### Exercise objective:
In the copy, include all of the listing exactly and none of its pictures.

### Material provided:
***
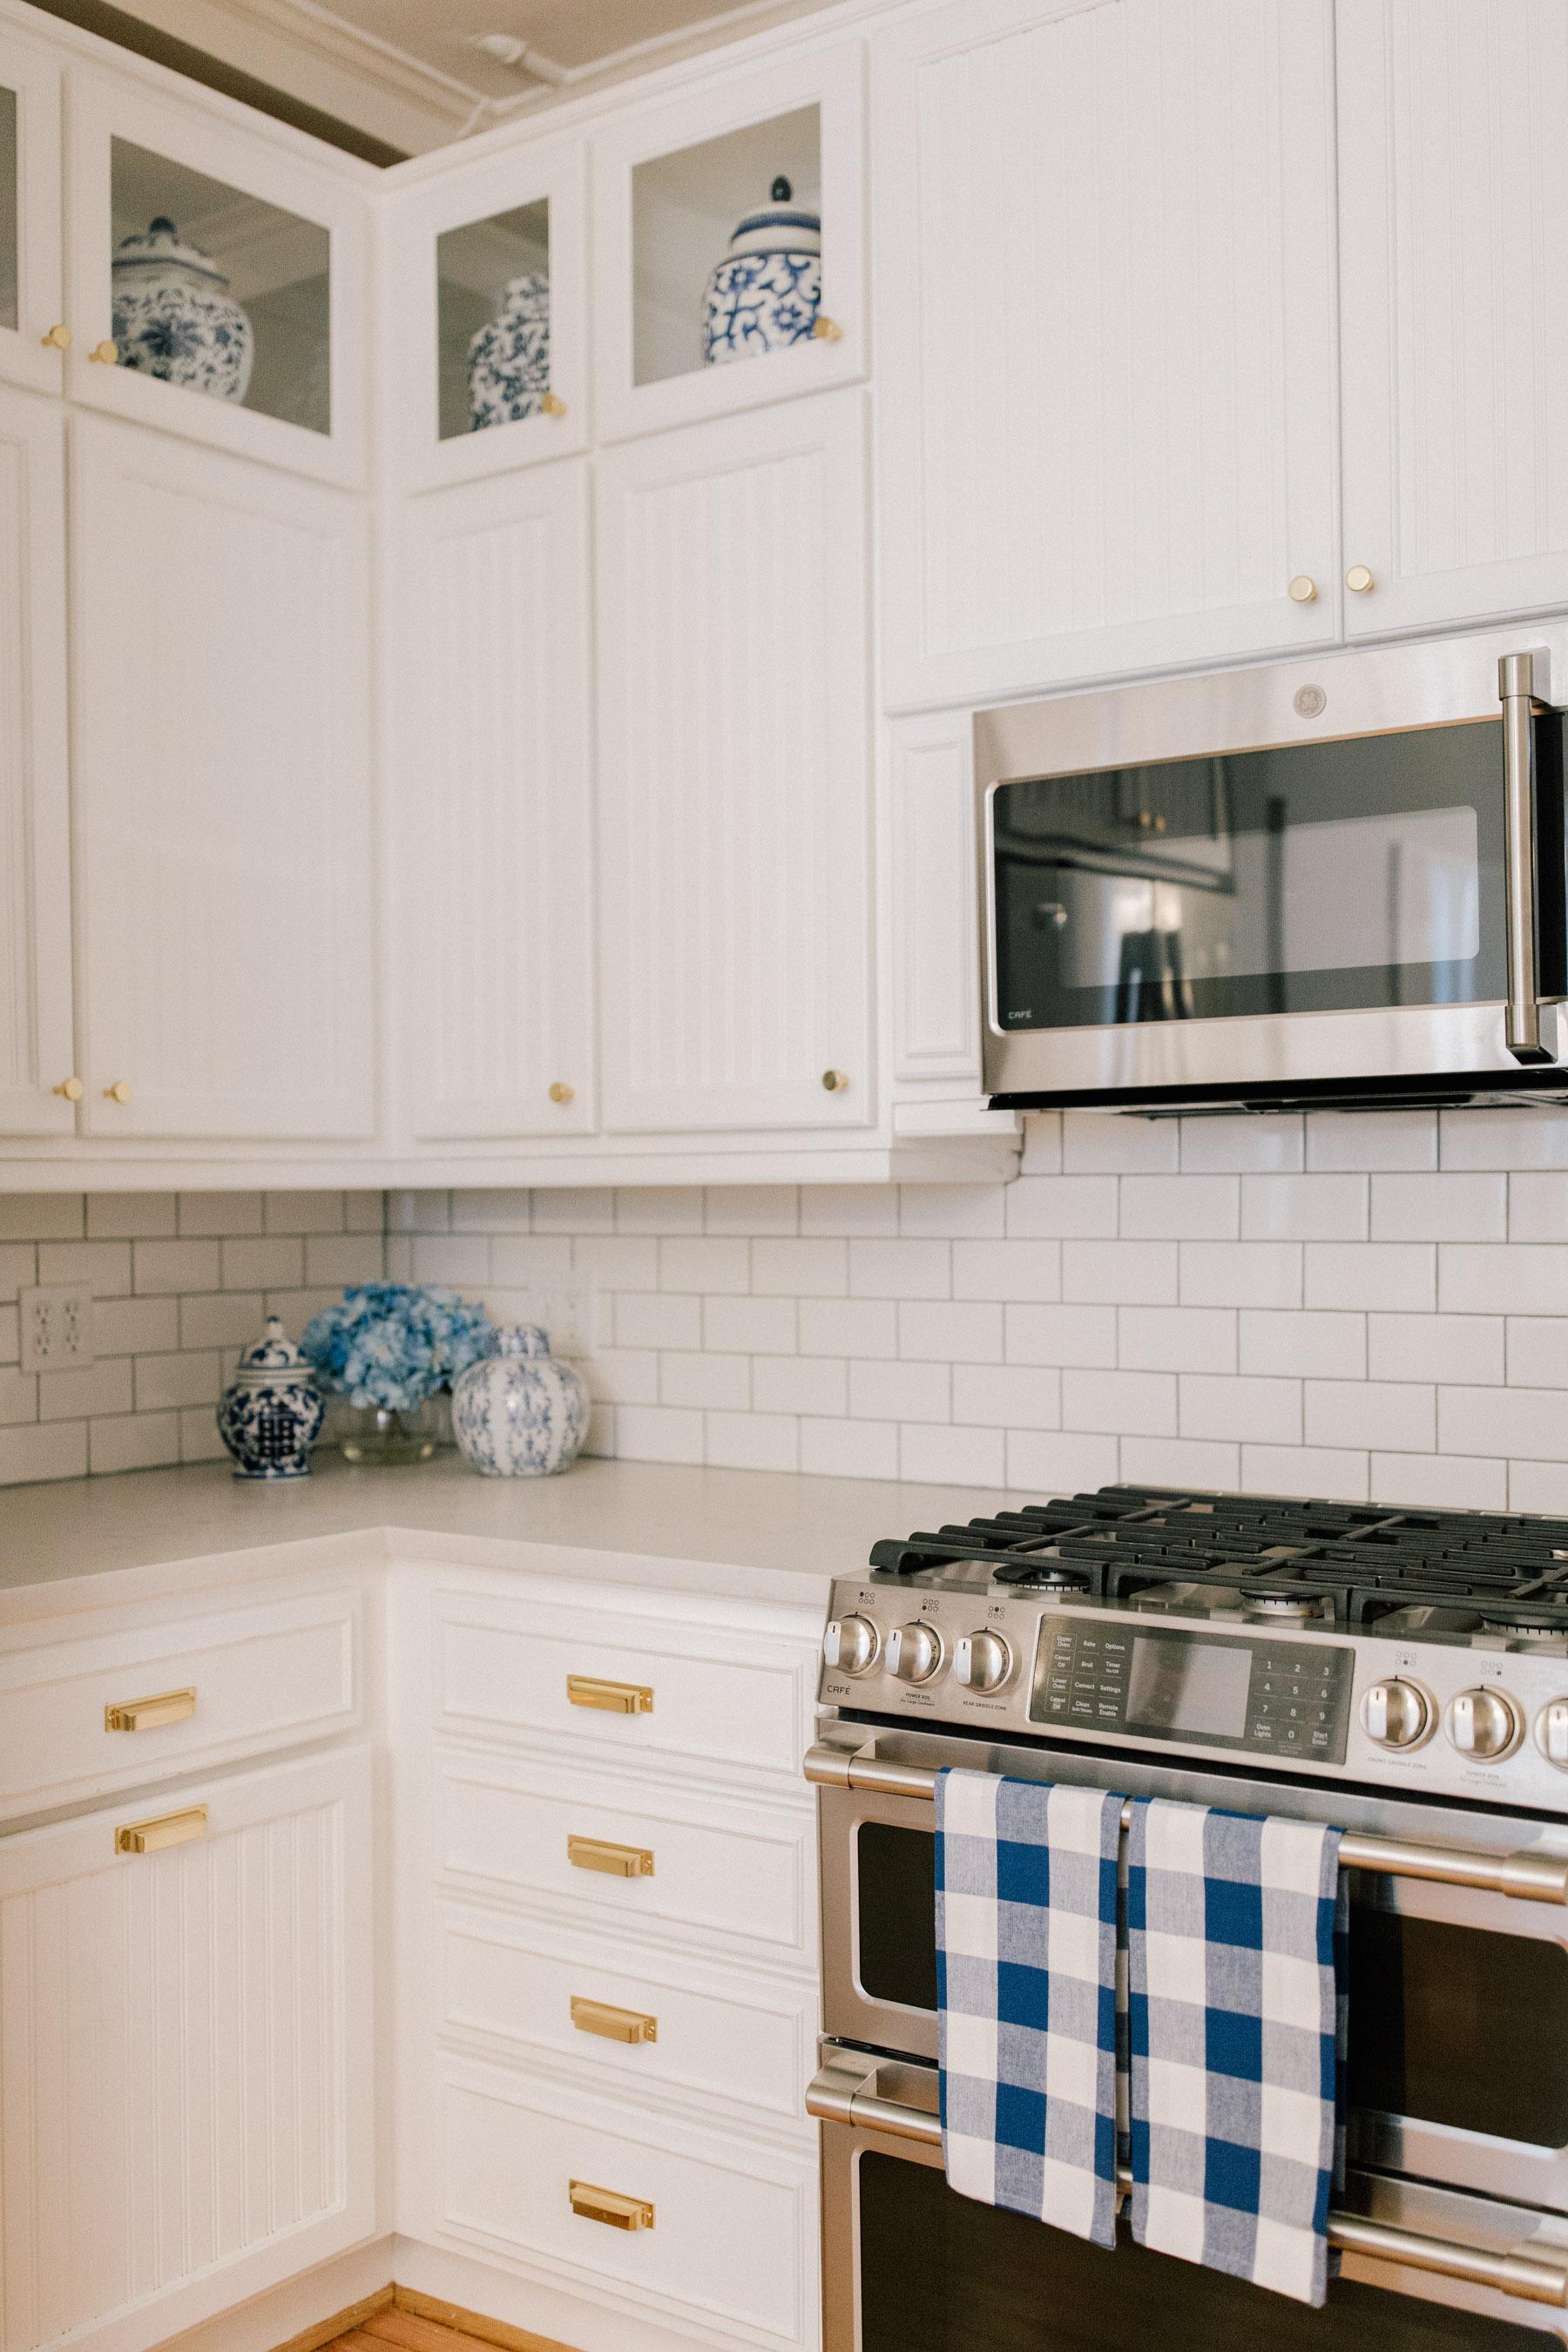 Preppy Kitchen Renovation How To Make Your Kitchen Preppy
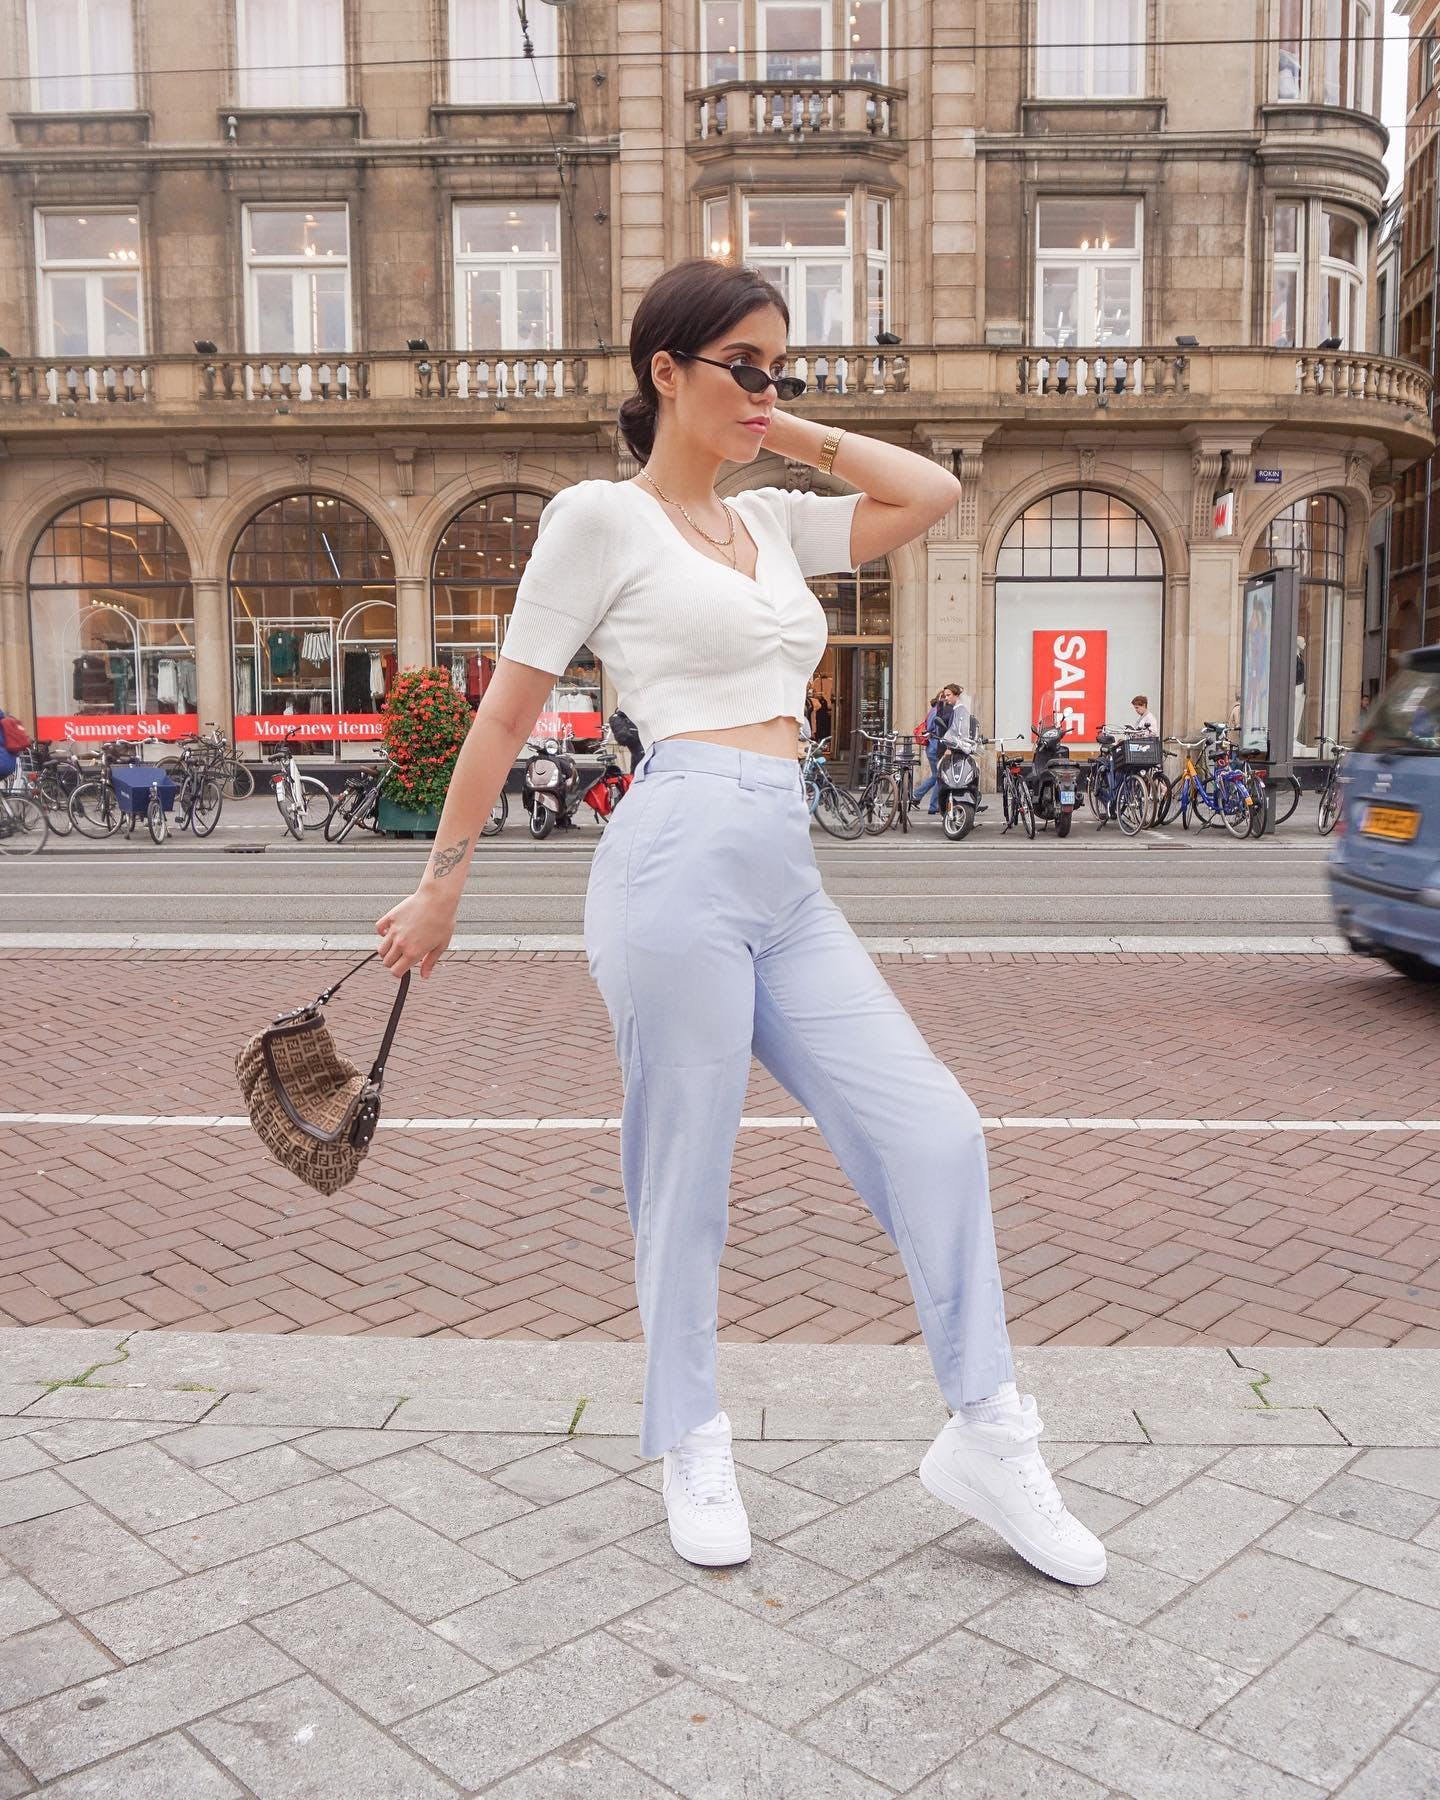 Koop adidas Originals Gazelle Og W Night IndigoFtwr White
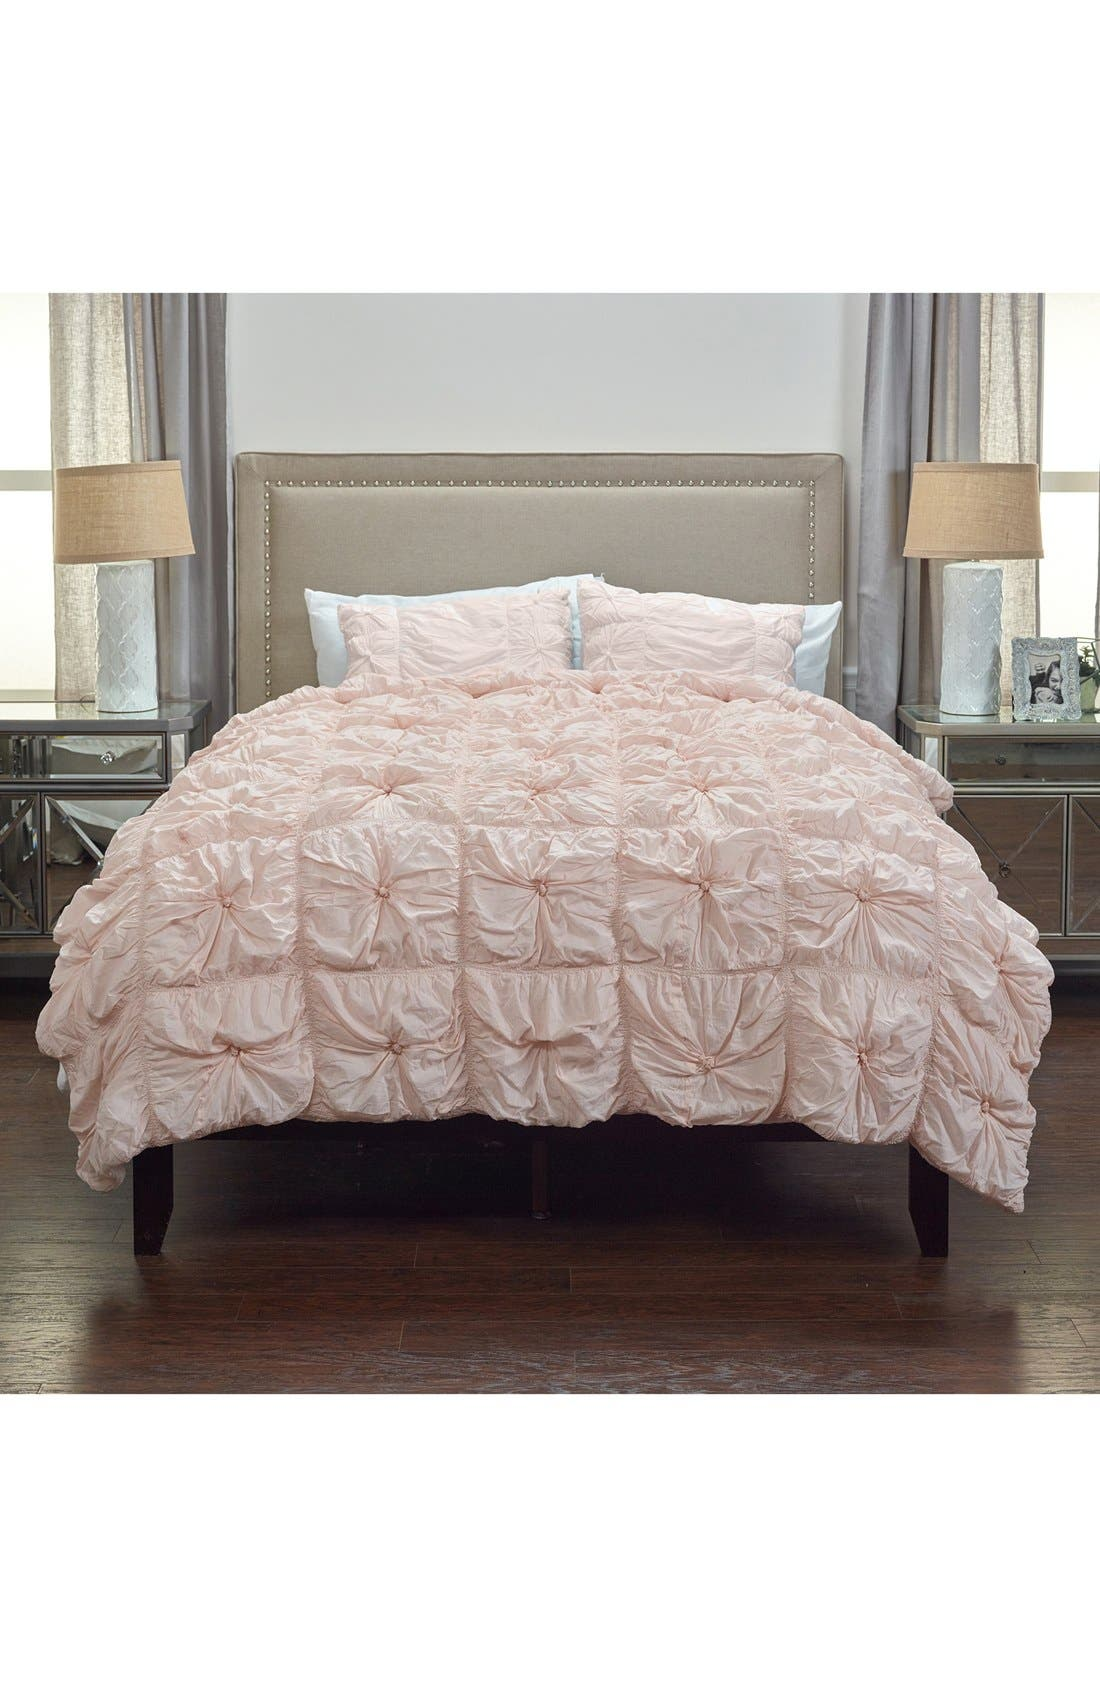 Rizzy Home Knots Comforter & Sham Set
***
### Exercise solution:
 Preppy Kitchen Renovation How To Make Your Kitchen Preppy
 Koop adidas Originals Gazelle Og W Night IndigoFtwr White
 Rizzy Home Knots Comforter & Sham Set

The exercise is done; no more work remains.